- THE TASK:
With pictures removed, the data below should be returned exactly.

- DATASET SECTION:
____
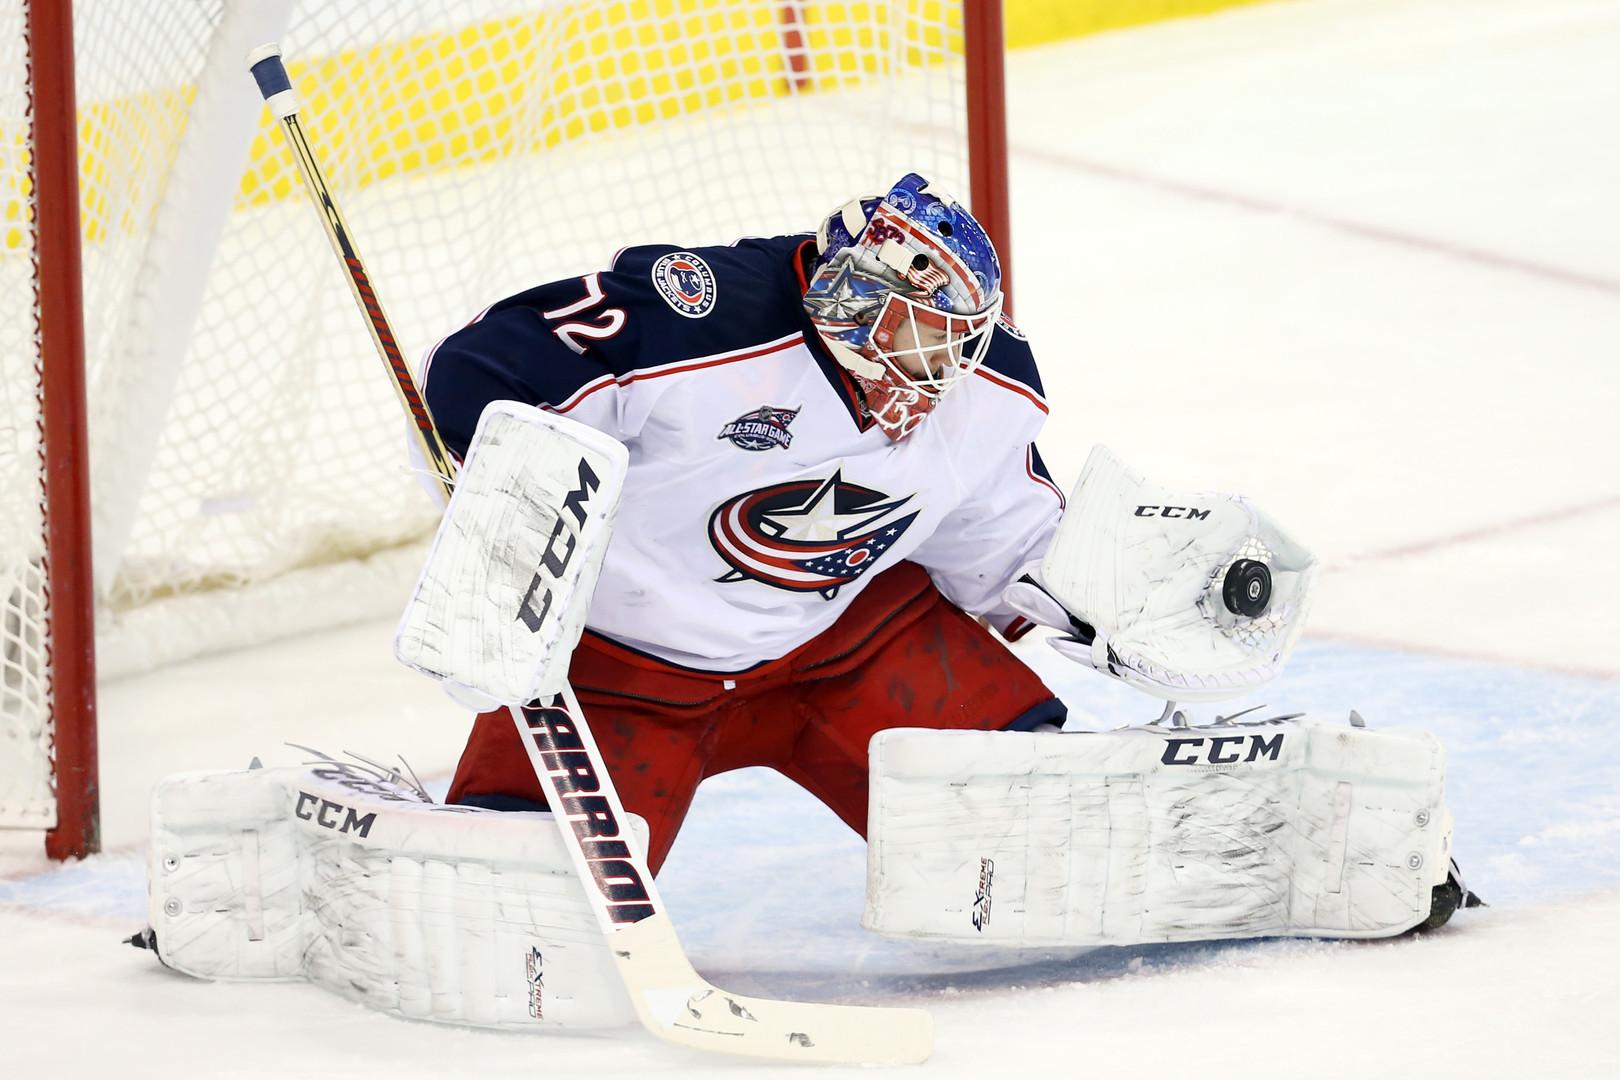 Самый выигрывающий вратарь: Бобровский вышел в лидеры НХЛ по числу побед в сезоне
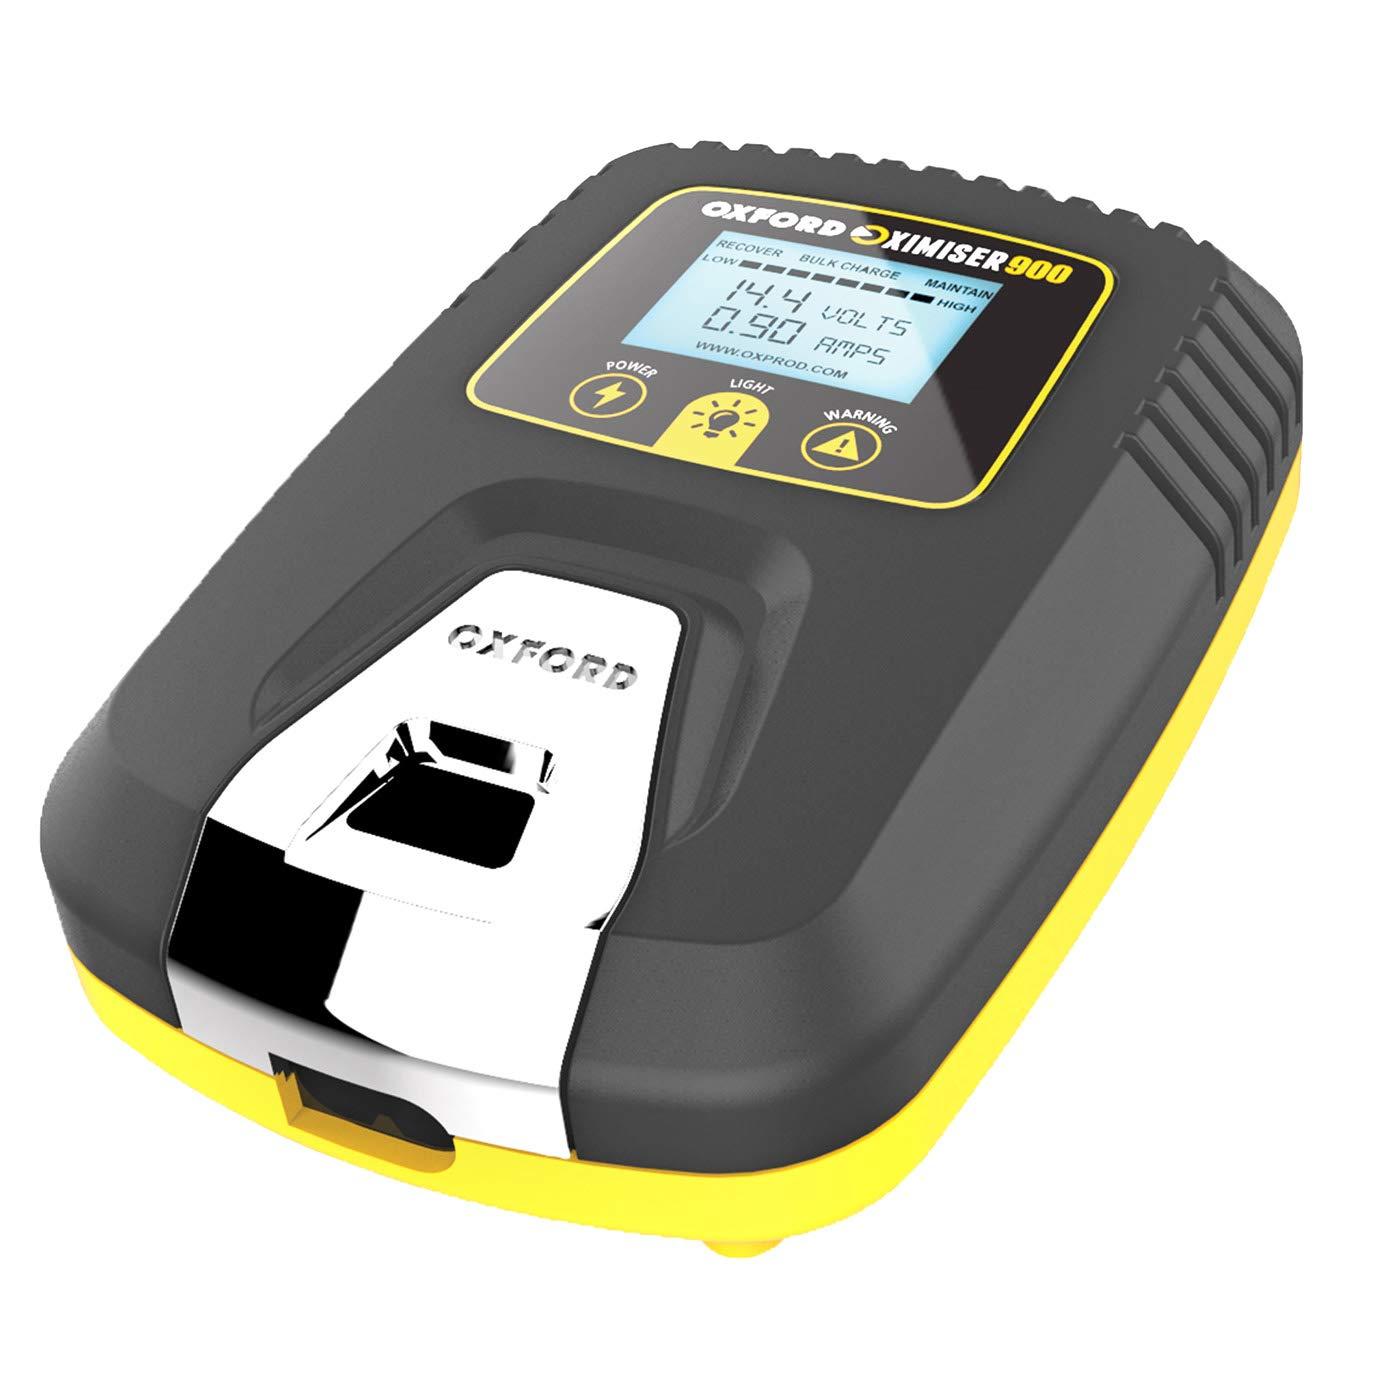 Oxford EL571USD Oximiser 900 Essential Battery Management System Charger 12V
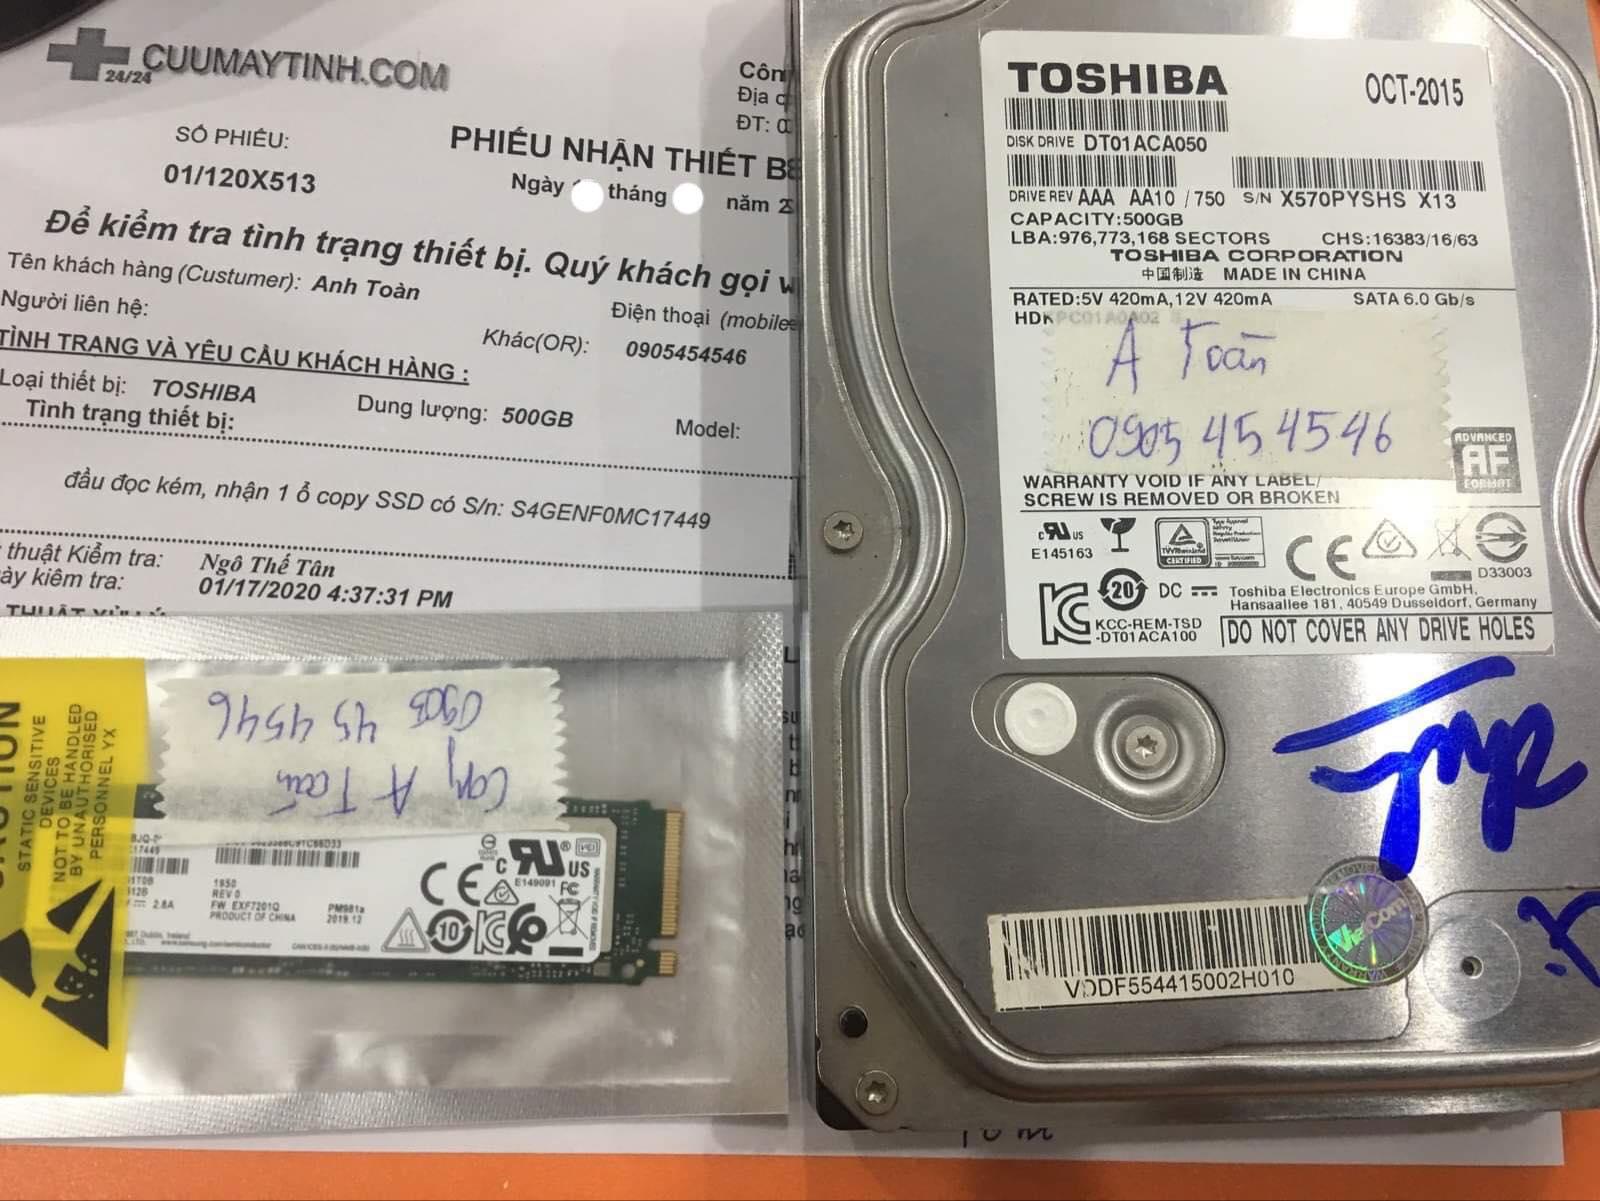 Khôi phục dữ liệu Toshiba 500GB đầu đọc kém 03/02/2002 - cuumaytinh
____
- TASK ANSWER:
 Самый выигрывающий вратарь: Бобровский вышел в лидеры НХЛ по числу побед в сезоне
 Oxford EL571USD Oximiser 900 Essential Battery Management System Charger 12V
 Khôi phục dữ liệu Toshiba 500GB đầu đọc kém 03/02/2002 - cuumaytinh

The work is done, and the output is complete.